In August 2017, we issued $245 million principal amount of 4.75% convertible senior notes due 2023. These convertible notes require semi-annual interest payments at a fixed coupon rate of 4.75% until maturity or conversion, which will be no later than August 15, 2023. After deducting the underwriting discount and offering costs, we received $238 million of net proceeds. Including amortization of deferred debt issuance costs, the weighted average interest expense yield on these convertible notes is approximately 5.3% per annum. At December 31, 2020, these notes were convertible at the option of the holder at a conversion rate of 54.4764 common shares per $1,000 principal amount of convertible senior notes (equivalent to a conversion price of $18.36 per common share).
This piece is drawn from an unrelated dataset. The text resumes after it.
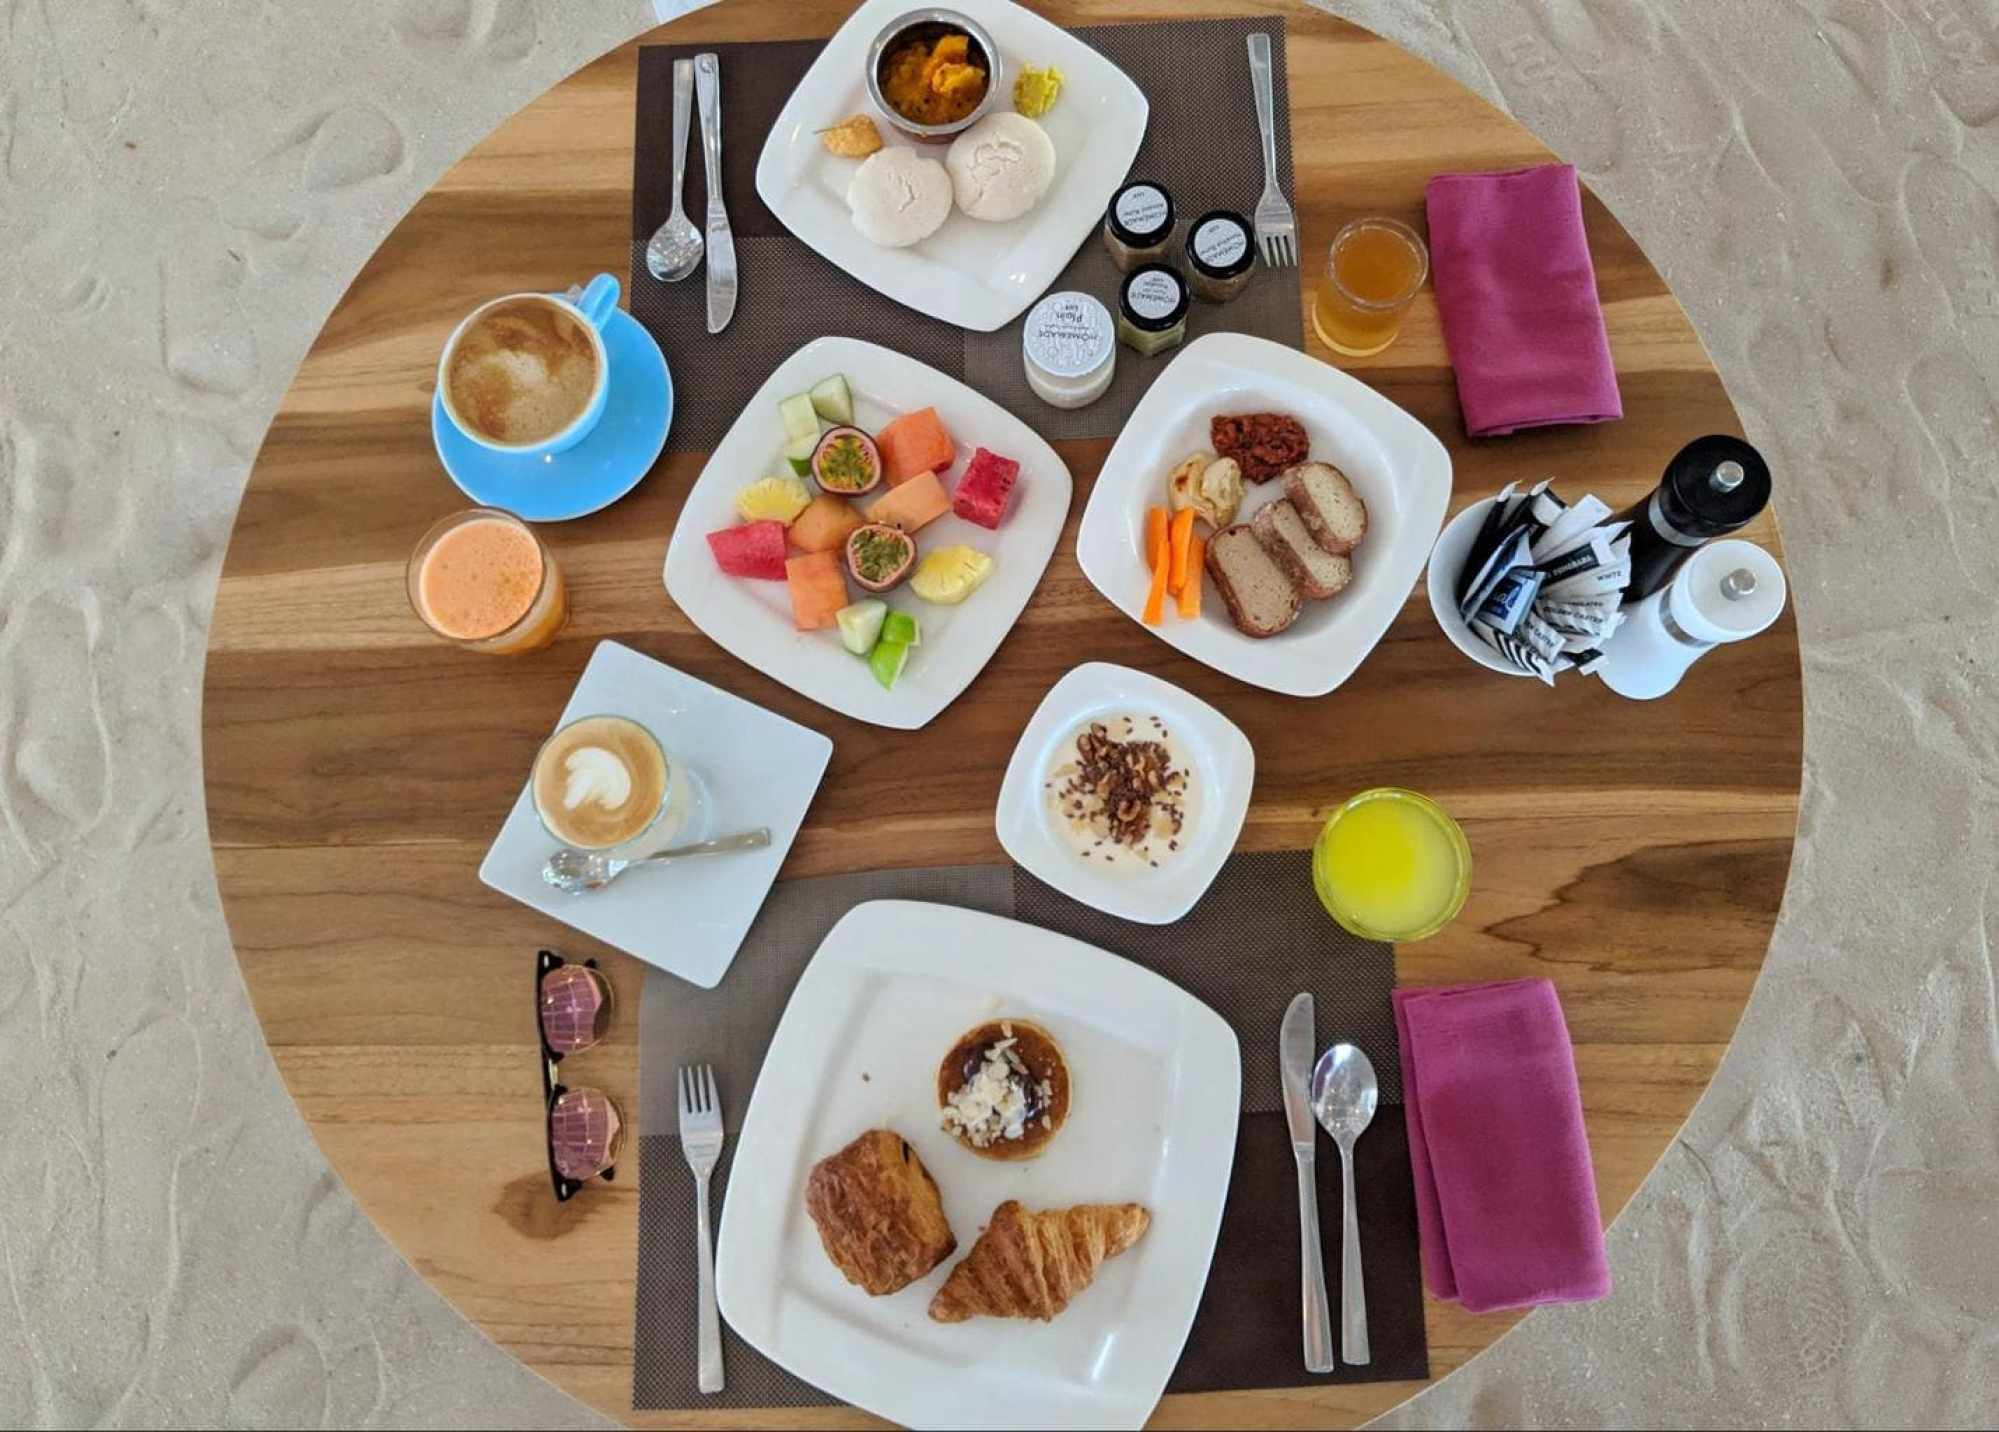 Our breakfast spread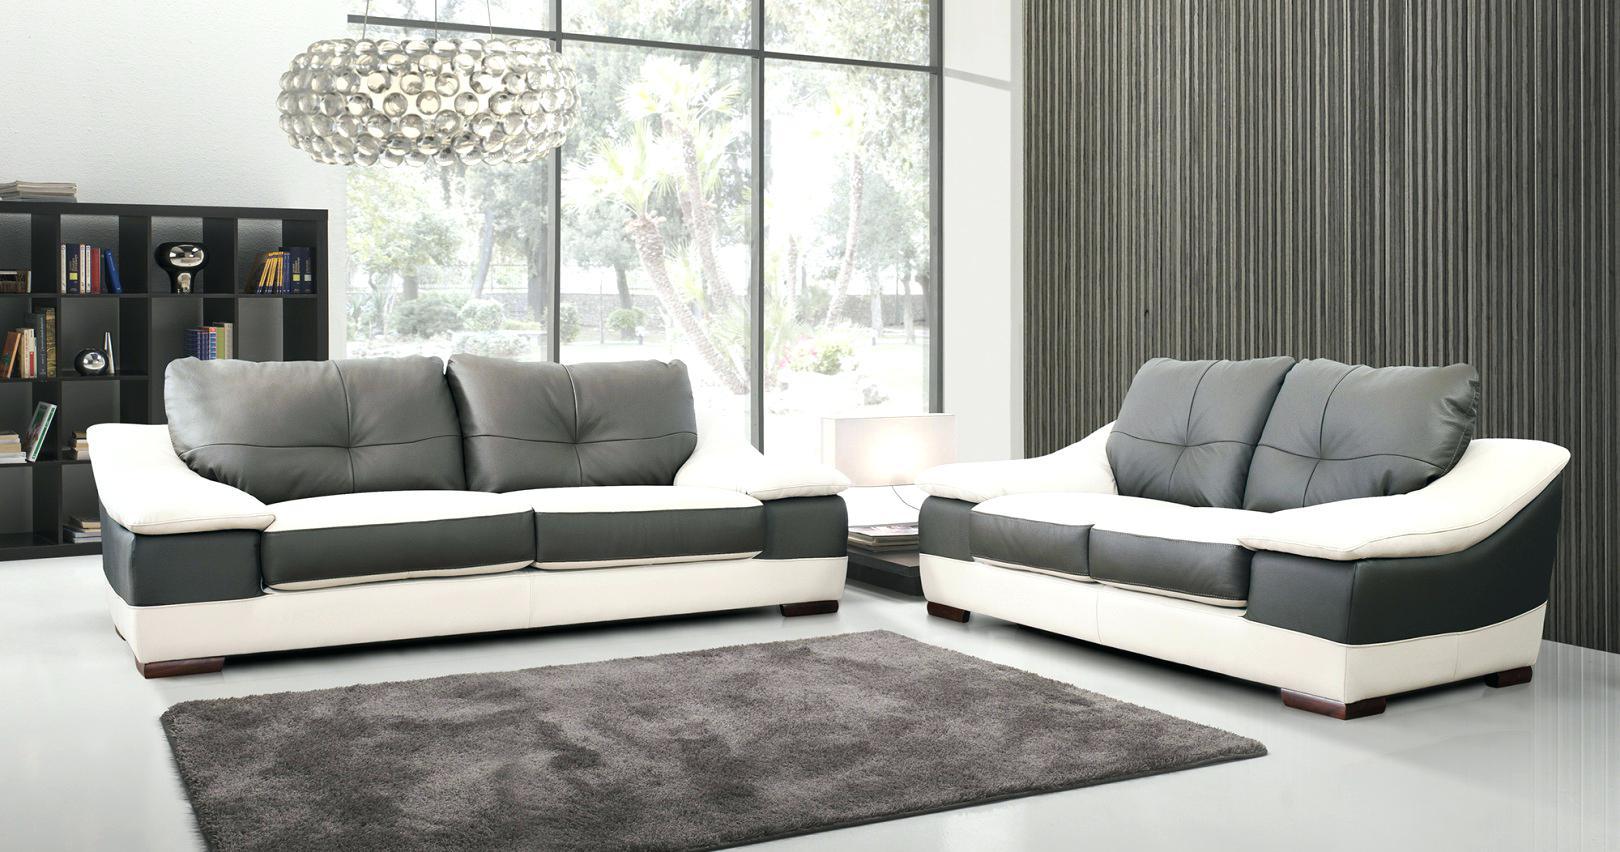 Canape Cuir Italien solde Inspirant Stock Canap Italien Pas Cher 33 Avec Design D Int Rieur Canape Cuir Tissu

Upon conversion of these notes by a holder, the holder will receive shares of our common stock. During the second quarter of 2020, we repurchased $46 million par value of these notes at a discount and recorded a gain on extinguishment of $10 million in Realized gains, net on our consolidated statements of income (loss). At December 31, 2020, the outstanding principal amount of these notes was $199 million. At December 31, 2020, the accrued interest payable balance on this debt was $4 million and the unamortized deferred issuance costs were $3 million.
Trust Preferred Securities and Subordinated Notes
At December 31, 2020, we had trust preferred securities and subordinated notes outstanding of $100 million and $40 million, respectively. This debt requires quarterly interest payments at a floating rate equal to three-month LIBOR plus 2.25% until the notes are redeemed. The $100 million trust preferred securities will be redeemed no later than January 30, 2037, and the $40 million subordinated notes will be redeemed no later than July 30, 2037. At both December 31, 2020 and December 31, 2019, the accrued interest payable balance on our trust preferred securities and subordinated notes was $1 million.
Under the terms of this debt, we covenant, among other things, to use our best efforts to continue to qualify as a REIT. If an event of default were to occur in respect of this debt, we would generally be restricted under its terms (subject to certain exceptions) from making dividend distributions to stockholders, from repurchasing common stock or repurchasing or redeeming any other then-outstanding equity securities, and from making any other payments in respect of any equity interests in us or in respect of any then-outstanding debt that is pari passu or subordinate to this debt.